Columnist: Dondomeso-Soglo, Francis

Ministry Of Health/Ghana Health Service, Your High Indiscipline: Our Concern

“Nothing is more harmful to the service than the neglect of discipline; for it is discipline more than numbers that gives one army superiority over another” George Washington

Discipline is the quality of being able to behave and work in a controlled way which involves particular rules or standards. In other words, discipline is the practice of making people obey rules or standards of behaviour and meting out approved penalty or punishment to those who go against such rules. The 1992 Constitution of the Republic of Ghana in Article 190(1) provides for the establishment of the Ghana Health Service (GHS) to improve efficiency in health care delivery in Ghana. Pursuant to that, the Ghana Health Service and Teaching Hospitals Act, Act 525 of 1996 was enacted to pave way for the establishment of the Ghana Health Service (GHS) and the Teaching Hospitals (THs) as major implementing arms of the public health service in the country. The GHS was officially launched in 2003. Other subsidiary instruments and regulations passed to improve efficiency and discipline by the GHS include the Code of Conduct and Disciplinary Procedures (2003), the Code of Ethics (2003), the Patient Charter (2003), the Employee Handbook (2008), Handbook on Customer Care (2009) etc. But has the Ministry of Health/Ghana Health Service been able to stem the tide of indiscipline with these regulations and instruments? Consistent with the general practice in Ghana, GHS is very good at making excellent rules and regulations but very weak at enforcing them. If as little as twenty percent (20%) of all these rules were enforced rigidly as intended by their framers, the country would have been experiencing some modicum of discipline in the Service.

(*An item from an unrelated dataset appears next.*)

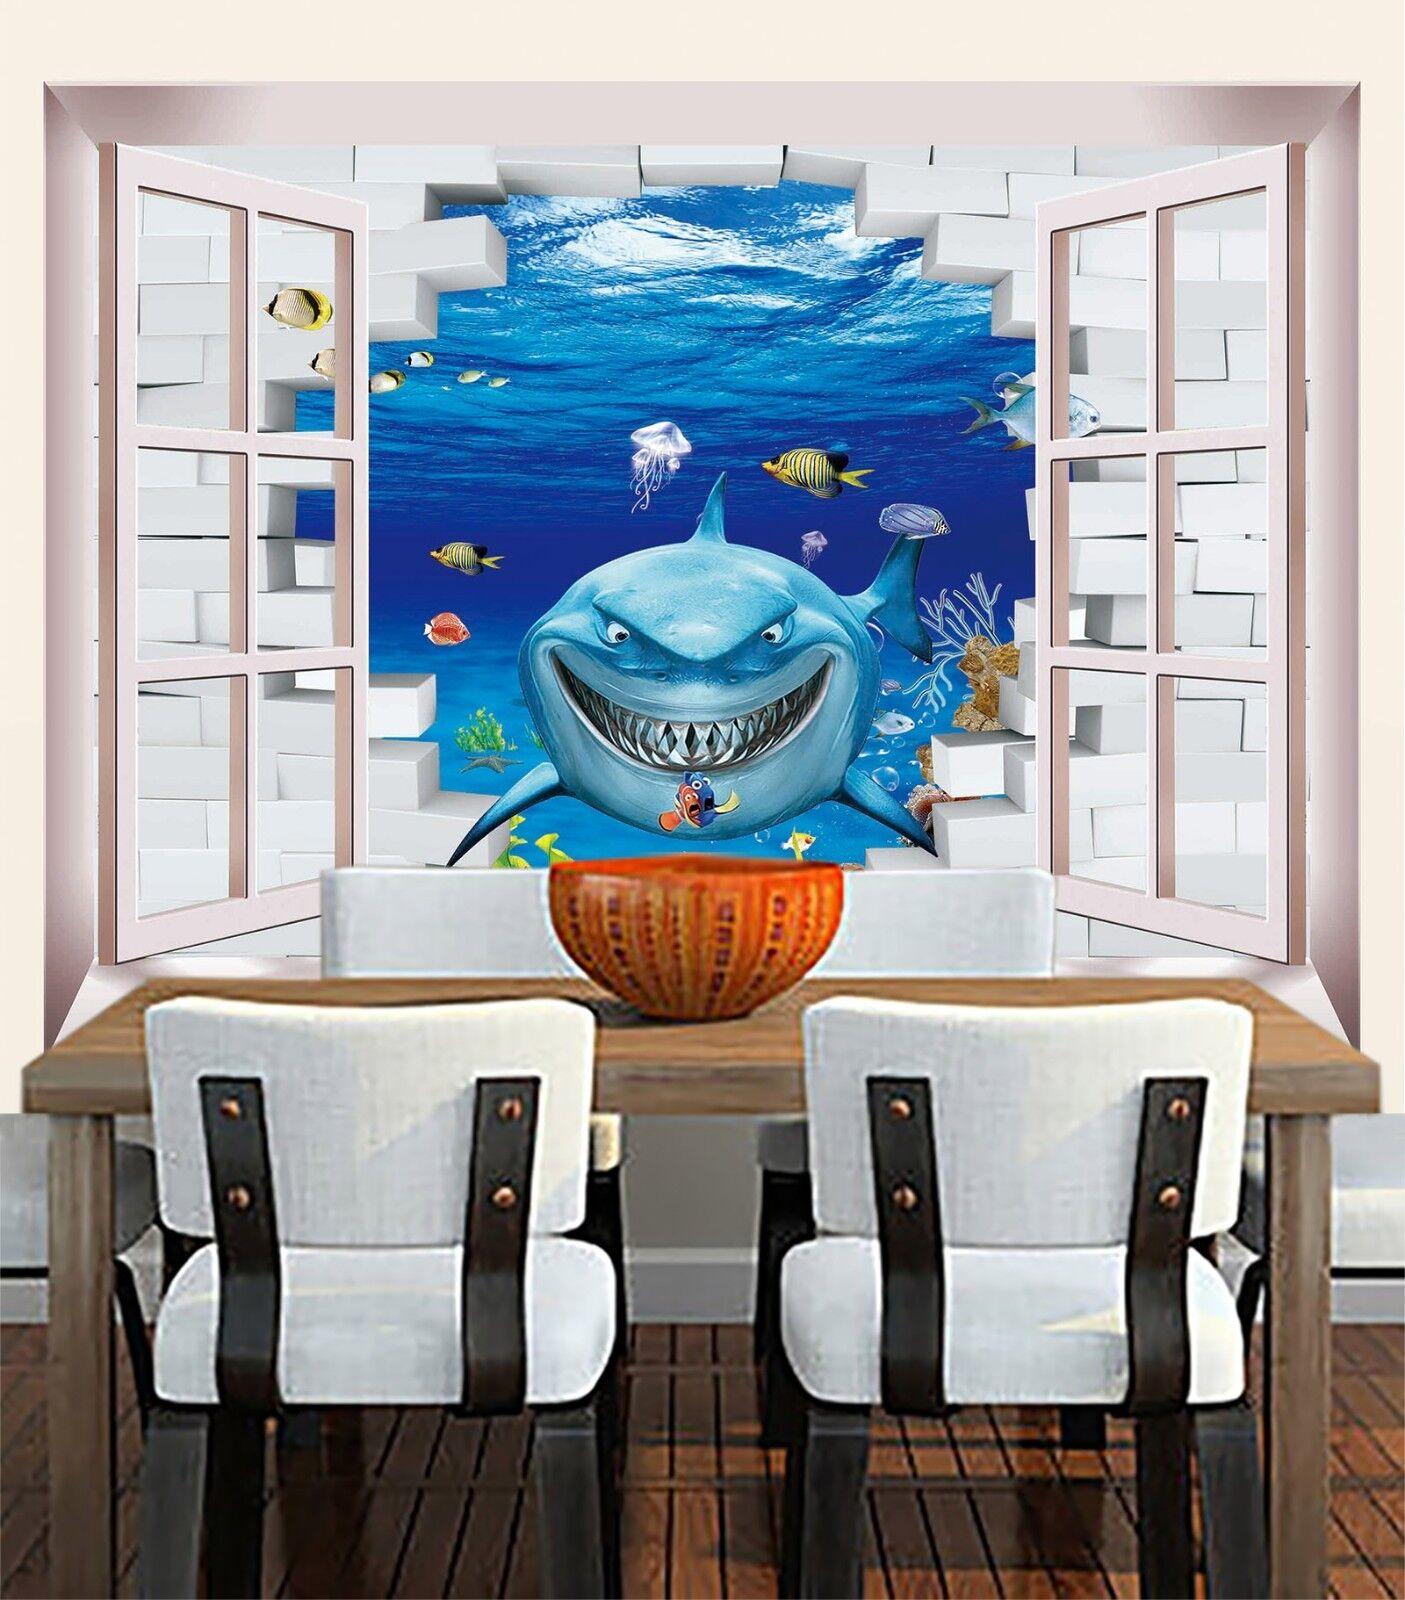 3D Ozean Hai Fenster 798 Tapete Wandgemälde Tapeten Bild Familie DE Jenny   Billig ideal    Fairer Preis    Ausreichende Versorgung
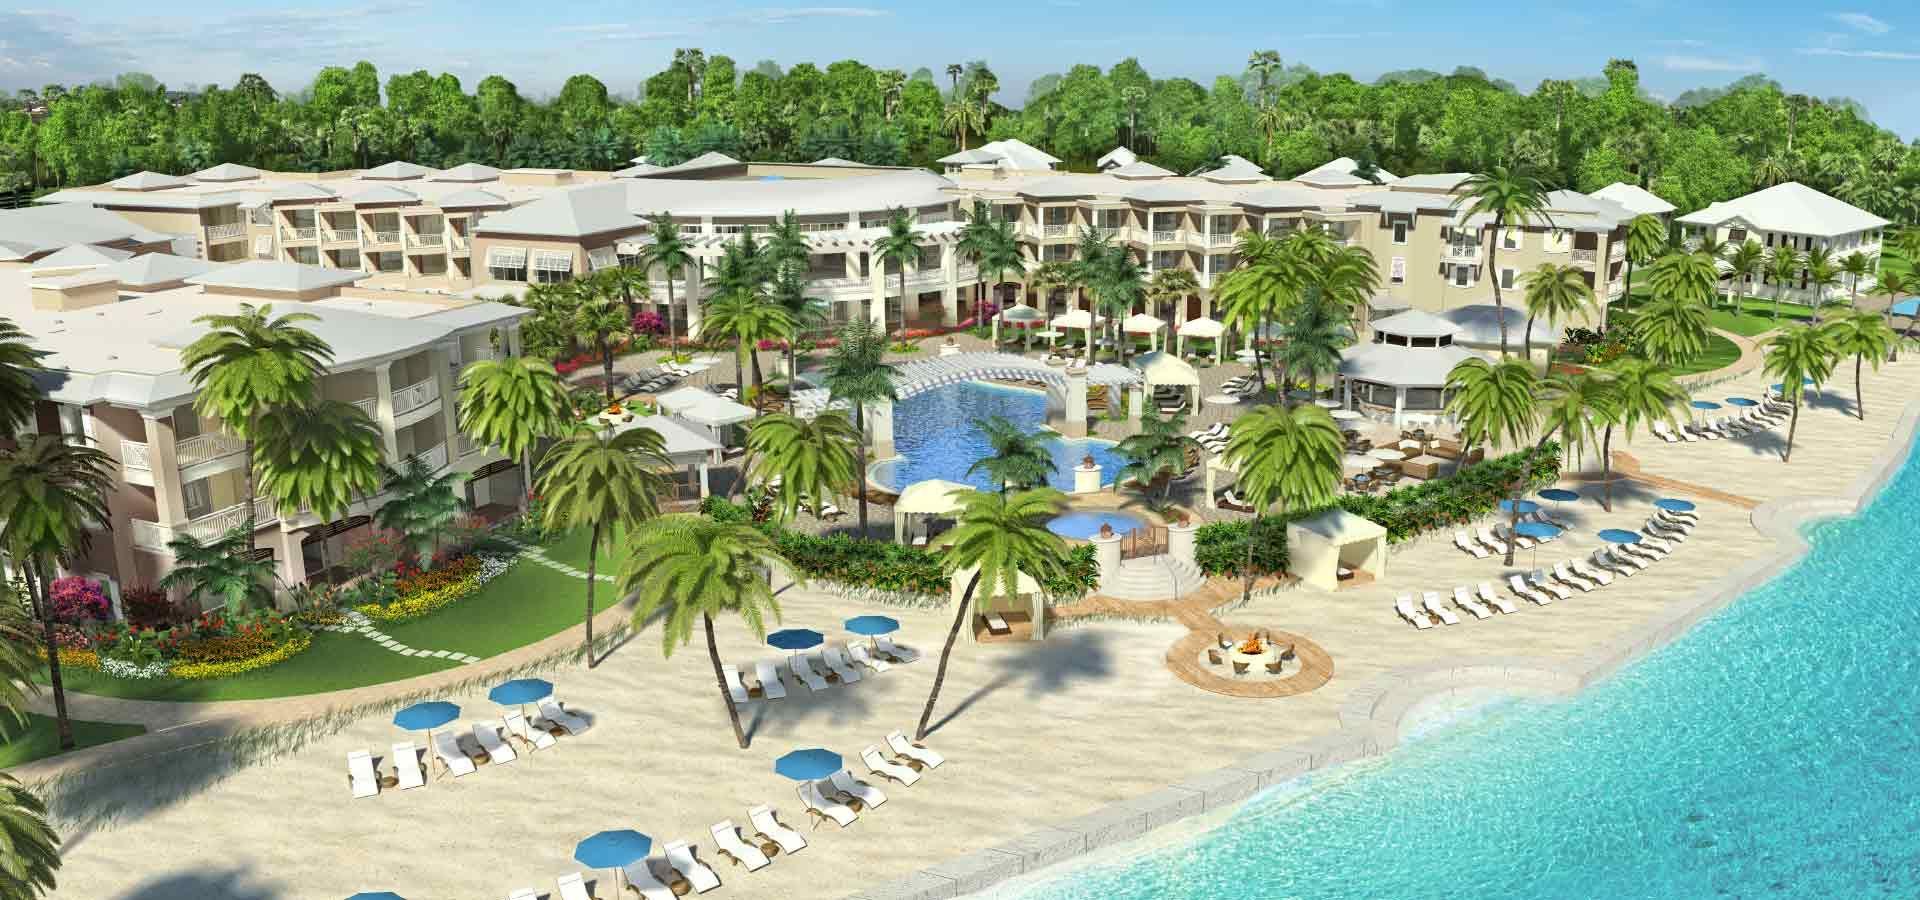 Resort - Playa Largo & Spa Wanna

Indiscipline in Ghana Health Service has manifested itself in many ways. It is an open declaration that some staff of Ghana Health Service have very poor attitude in service delivery. Though the staff of GHS are highly skilful, their attitude toward work and notably patients is undesirable. Ironically, the logo of GHS portrays the handling and treatment of patients by GHS staff like the way one would handle an egg (delicately). The GHS motto reads; “Your Health: Our Concern”. Wow! Do we see or experience largely these intentions or values in GHS facilities? An emphatic no would be the answer! And do not think the poor attitude exhibited by the GHS staff is targeted at only non-GHS staff. There are many examples where both senior and junior level personnel of GHS have suffered in multiple doses of the poor attitude from their own colleagues. The poor attitude or client service, which is systemic and inherent, is exhibited at all levels of the Service. There is evidence where a former Director of the Regional Hospital of the Eastern Region, Koforidua introduced himself and pleaded with a nurse to try and find a bed for his mother at the Korle-Bu Teaching Hospital. The nurse retorted, “So do you want me to go to my house and bring my bed to give to your mother because you are the Medical Director of the Koforidua Regional Hospital?” The man was reported to have wept uncontrollably in the full glare of other patients and staff because of this highly insensitive remark. An African proverb says that “if a crocodile eats its own eggs what will it not do to frogs and fishes”. Therefore, what happens to the ordinary patient like you and me is left for you to imagine.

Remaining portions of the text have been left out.